§ **WORK INSTRUCTION**
Will you extract the entries word for word? Images should not appear in the copy.

§ **GIVEN ENTRIES**
__________________________________________________

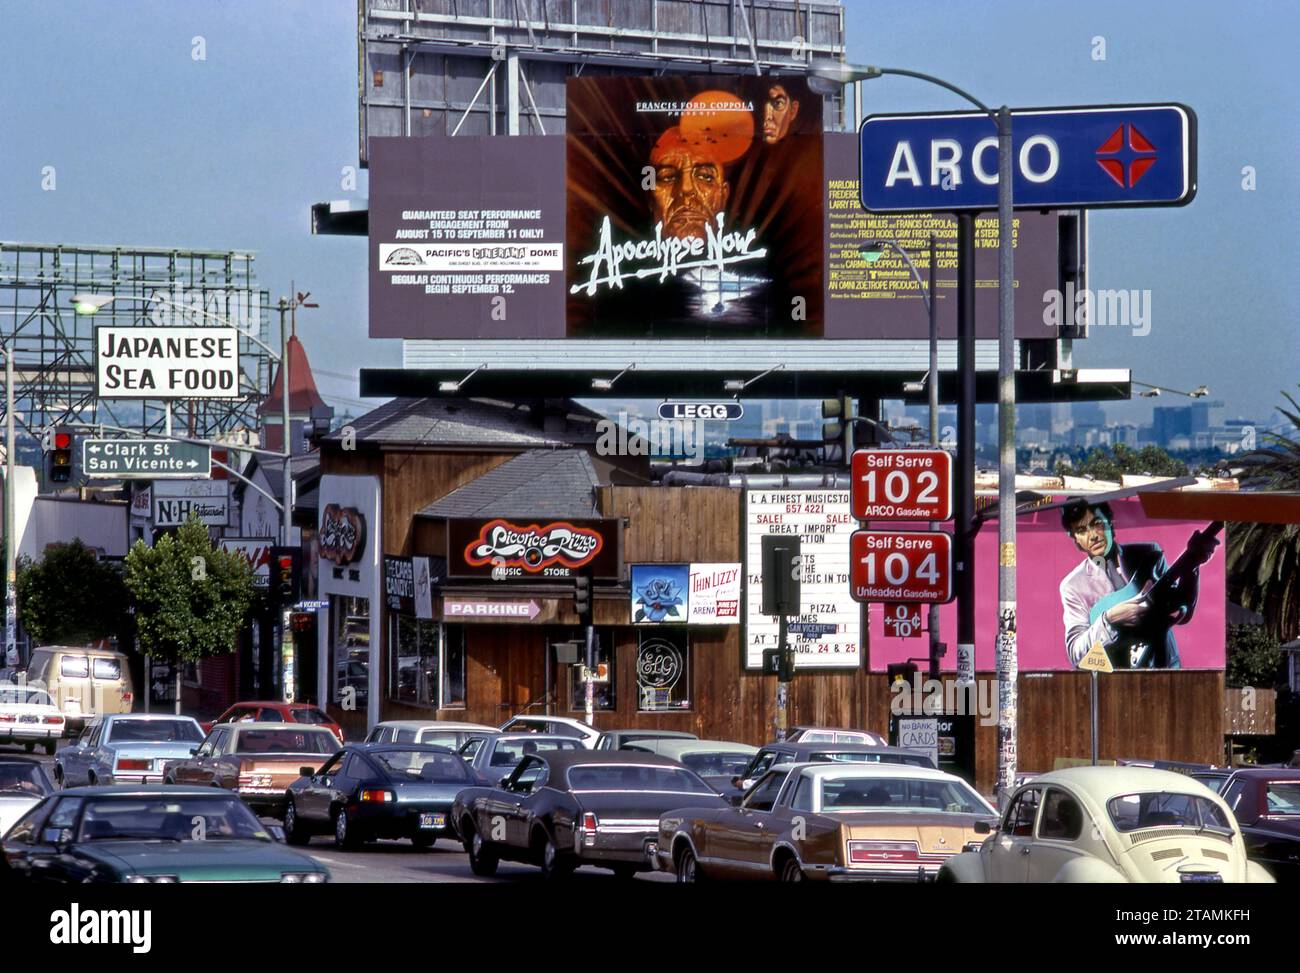 Un cartellone dipinto a mano per il film Apocalypse Now con Marlon Brando è stato pubblicato nel 1979 nel negozio di dischi Licorice Pizza sulla Sunset Strip a West Hollywood, California Foto Stock
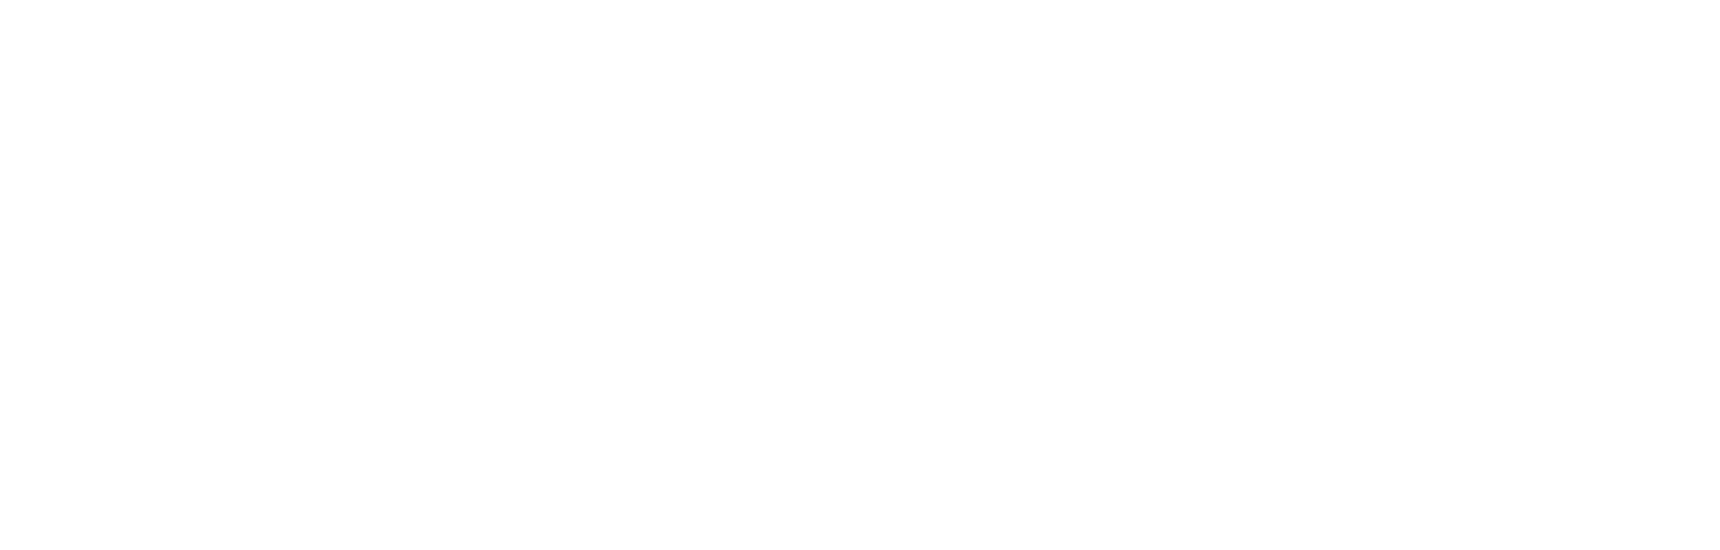 Hospital Visare
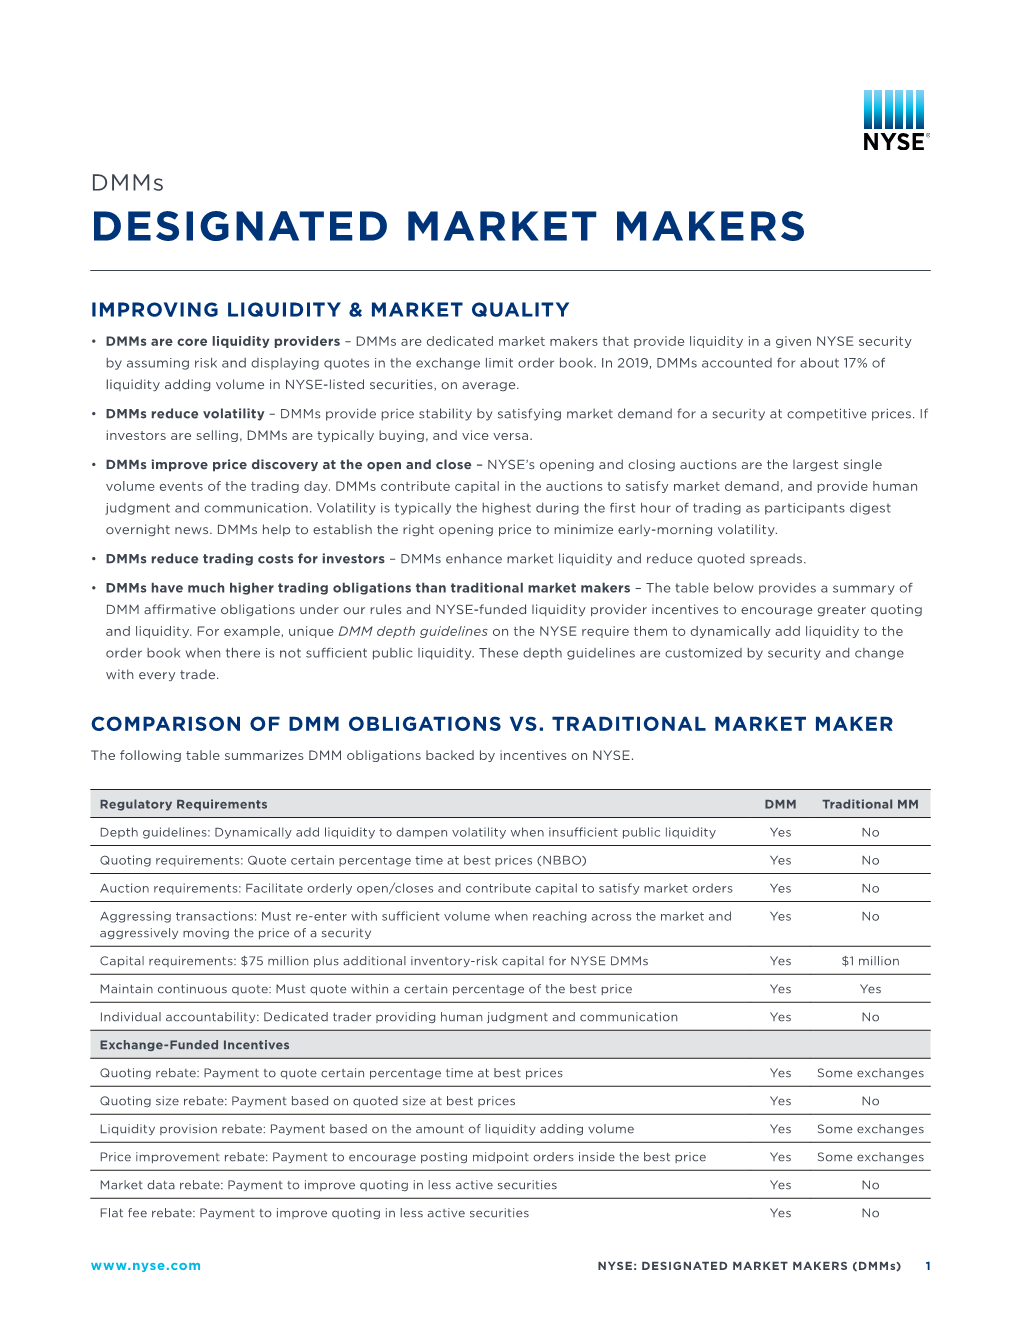 Designated Market Makers
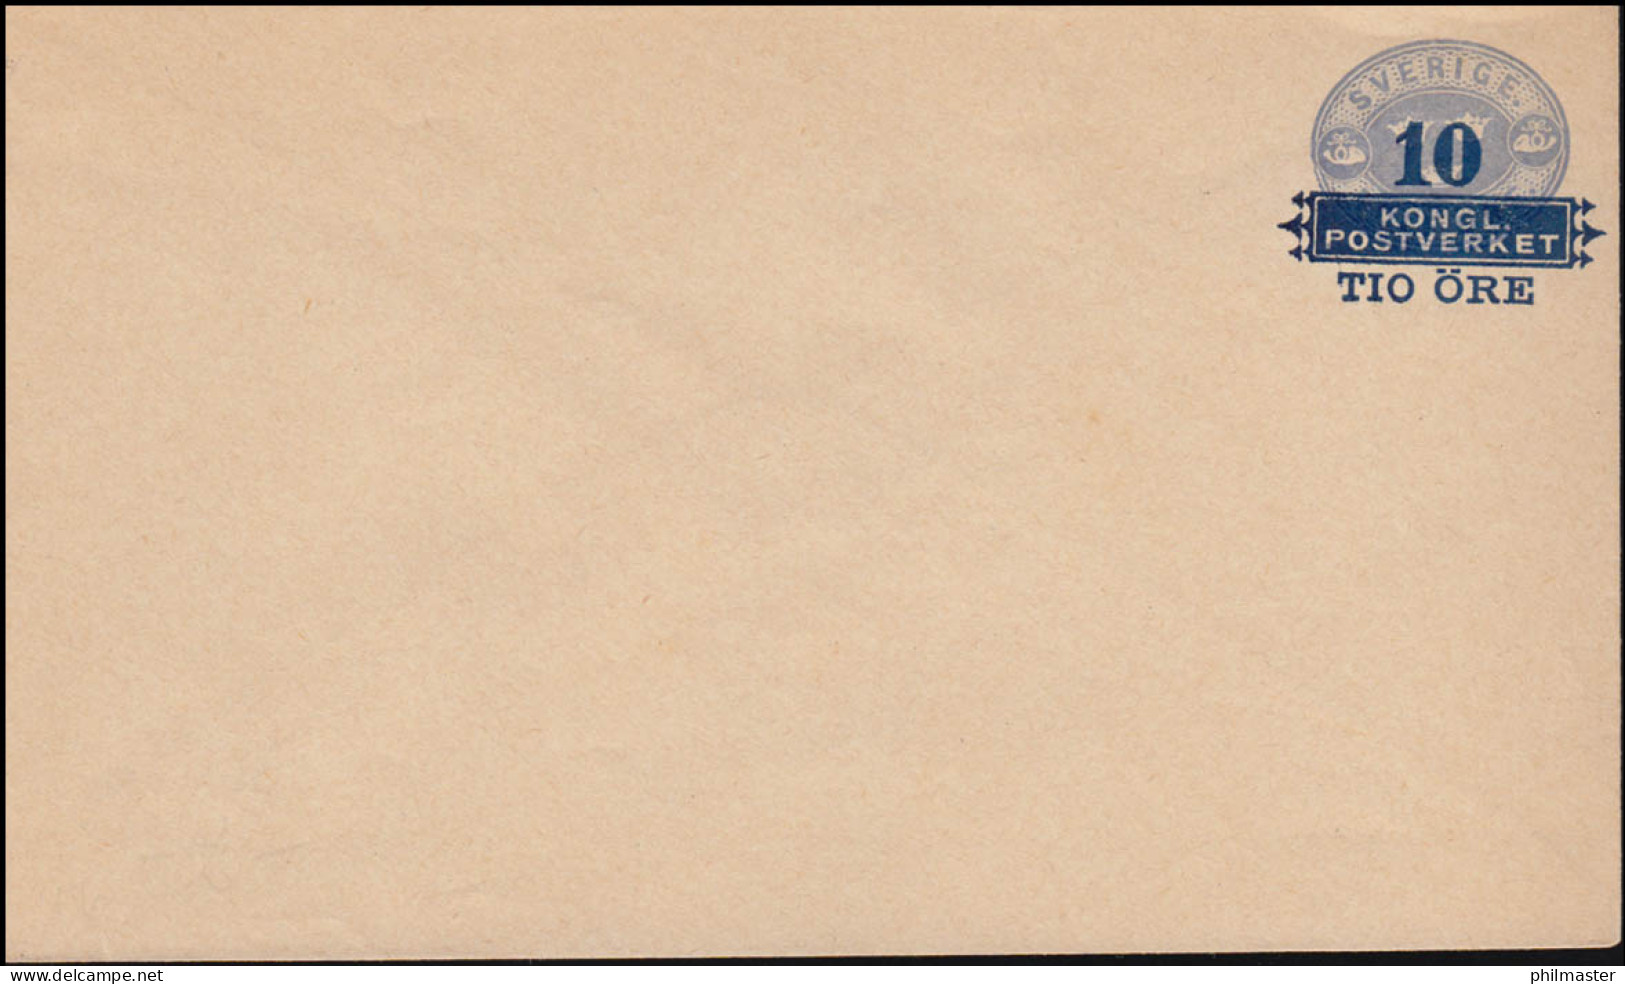 Schweden Umschlag U 6 Drei Kronen Mit Aufdruck 10 Auf 12 Öre 1889, ** Postfrisch - Entiers Postaux
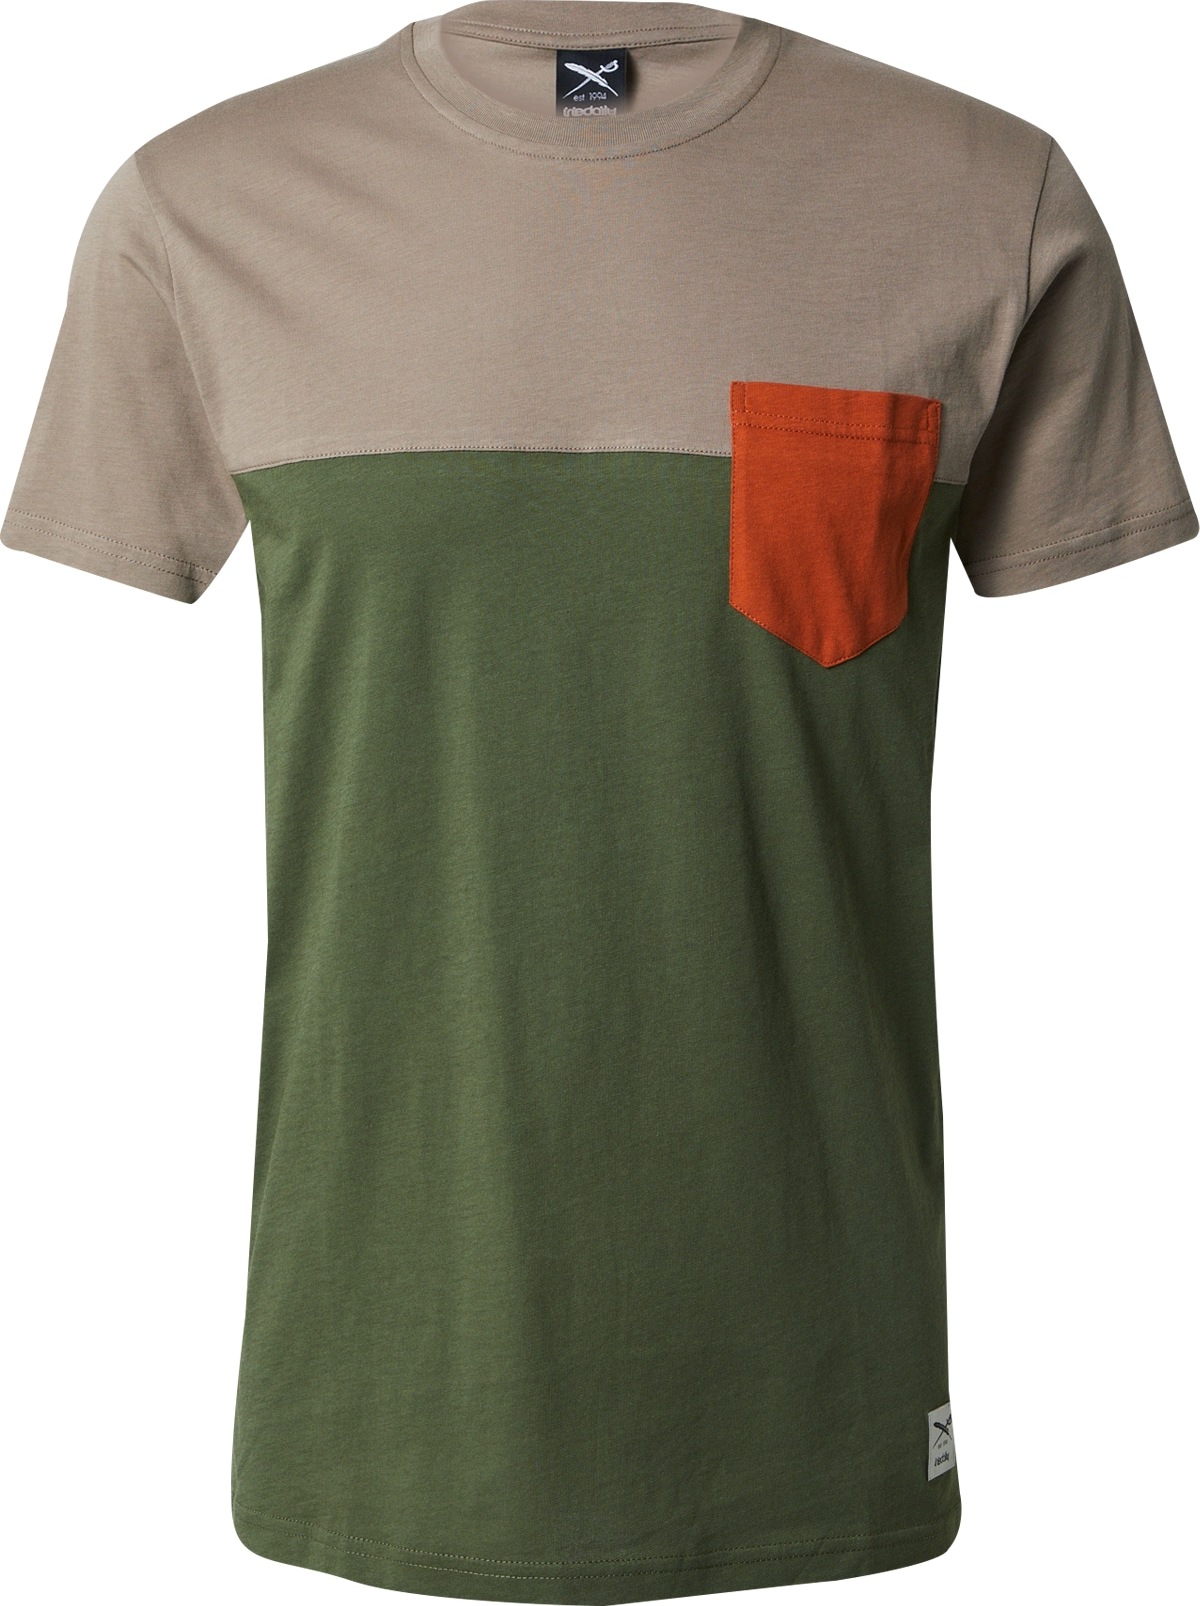 Tričko Iriedaily tmavě béžová / tmavě zelená / tmavě oranžová / bílá

__________________________________________________

§ **EXERCISE SOLUTION**
 Un cartellone dipinto a mano per il film Apocalypse Now con Marlon Brando è stato pubblicato nel 1979 nel negozio di dischi Licorice Pizza sulla Sunset Strip a West Hollywood, California Foto Stock
 Hospital Visare
 Designated Market Makers
 Schweden Umschlag U 6 Drei Kronen Mit Aufdruck 10 Auf 12 Öre 1889, ** Postfrisch - Entiers Postaux
 Tričko Iriedaily tmavě béžová / tmavě zelená / tmavě oranžová / bílá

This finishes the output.